Wednesday’s 2-1 decision, by Florida’s Fourth District Court of Appeal in West Palm Beach, determined that the trial judge erred by not requiring Perelman to show any “legally cognizable damage” arising from the investment bank’s actions, according to Reuters.
“Because there was no proof presented at trial on the correct measure of damages,” Judge Carole Taylor reportedly wrote for the majority, “the trial court should have granted Morgan Stanley’s motion for directed verdict.”
The billionaire financier and Revlon chairman had claimed that when he sold his 82 percent stake in Coleman to Sunbeam for $1.5 billion in stock and cash, he had been defrauded by Morgan Stanley, his adviser in the deal. Shortly afterward, Sunbeam became embroiled in a massive accounting scandal, which sunk its stock as well as Perelman’s investment. Sunbeam eventually filed for bankruptcy protection.
In March 2005, Florida State Judge Elizabeth T. Maass, who presided over the case, ruled that because Morgan Stanley failed to turn over e-mails related to the Coleman deal, jurors should assume that Morgan Stanley helped Sunbeam inflate its earnings. As a result, Perelman needed to prove only that he relied on Morgan Stanley’s advice and not that the bank was complicit in any fraud.
Two months later, jurors found in Perelman’s favor, awarding him $604 million in actual, or compensatory, damages and $850 million in punitive damages, for a total of $1.45 billion.

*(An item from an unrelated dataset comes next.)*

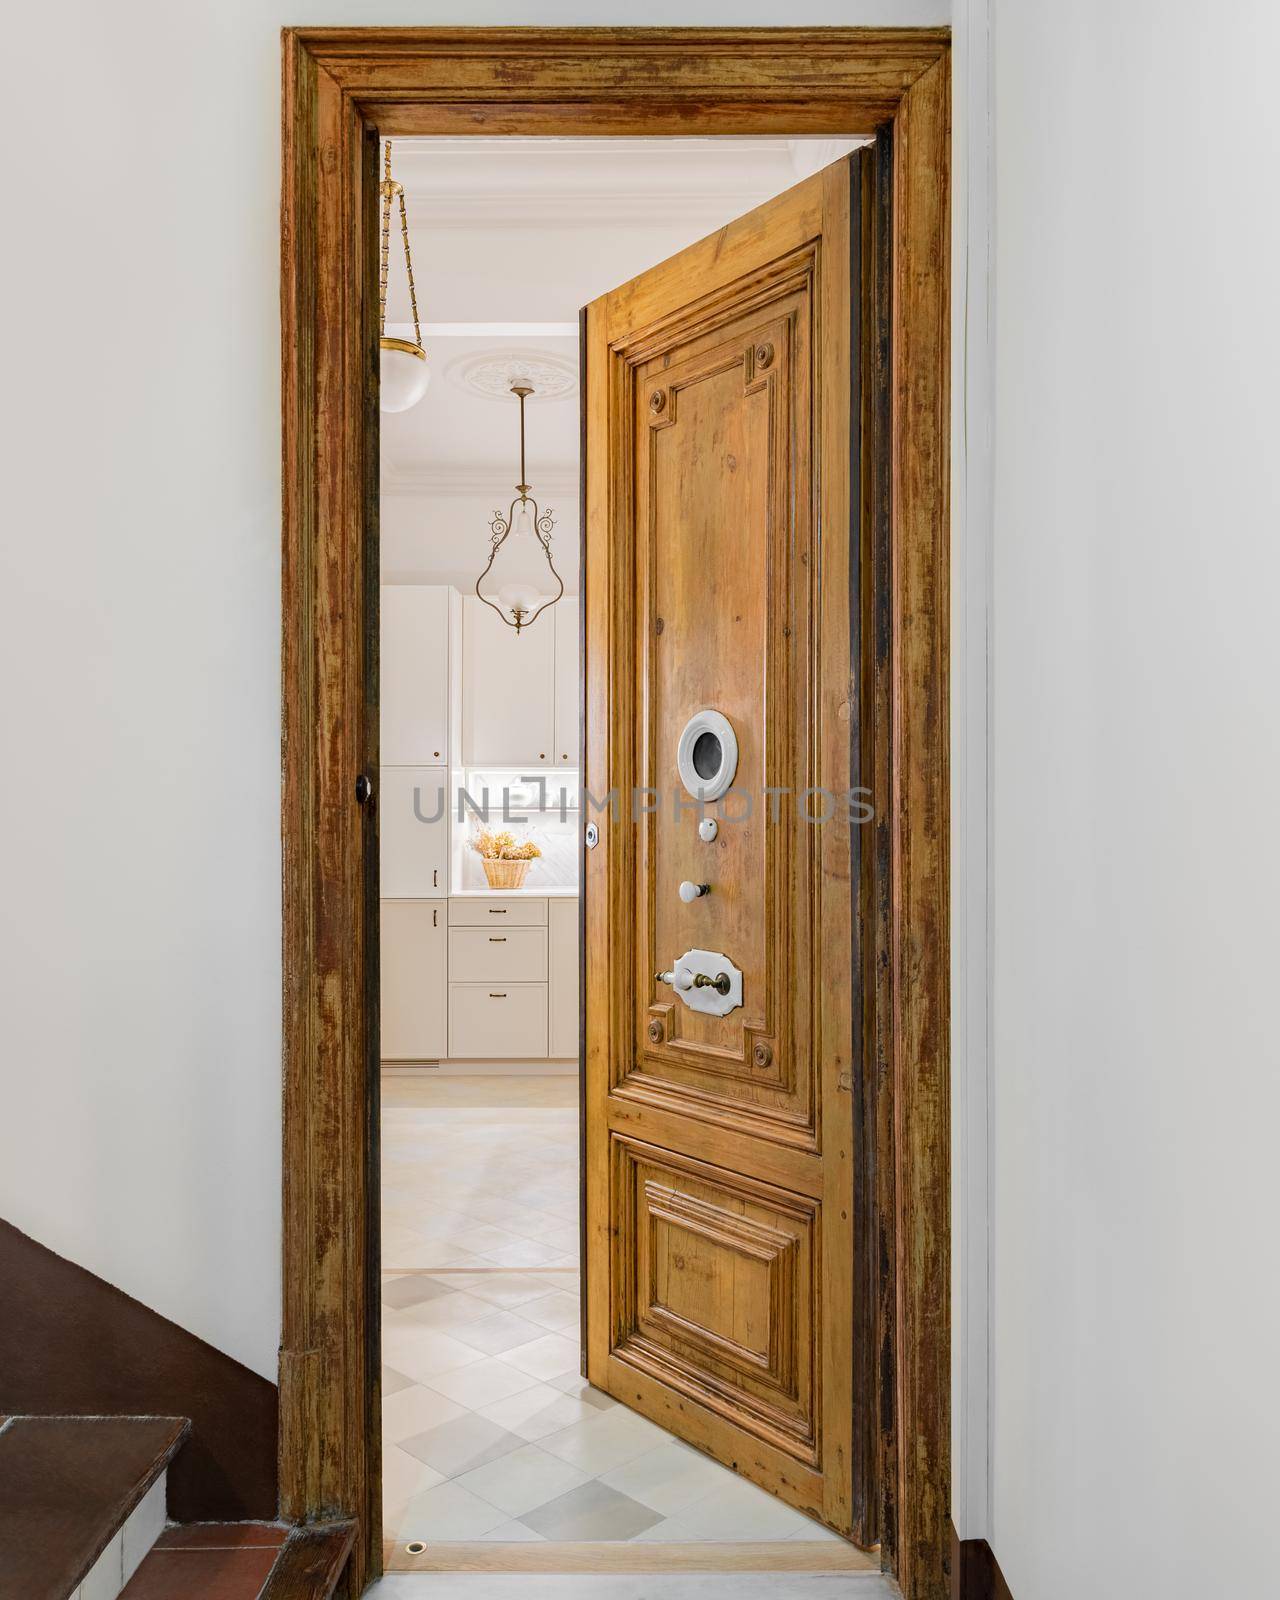 Typical wooden door in a building of old town of Barcelona, Spain. Entrance with opened door to refurbished apartment. by apavlin

That total rose to $1.58 billion with interest, noted Reuters.
The wire service also observed that the financier had originally sued for $2.7 billion, but according to The Wall Street Journal, Morgan Stanley turned down Perelman’s 2003 offer to settle for just $20 million.
Perelman will ask for a rehearing and, if necessary, appeal the decision to Florida’s Supreme Court, a spokeswoman told Reuters.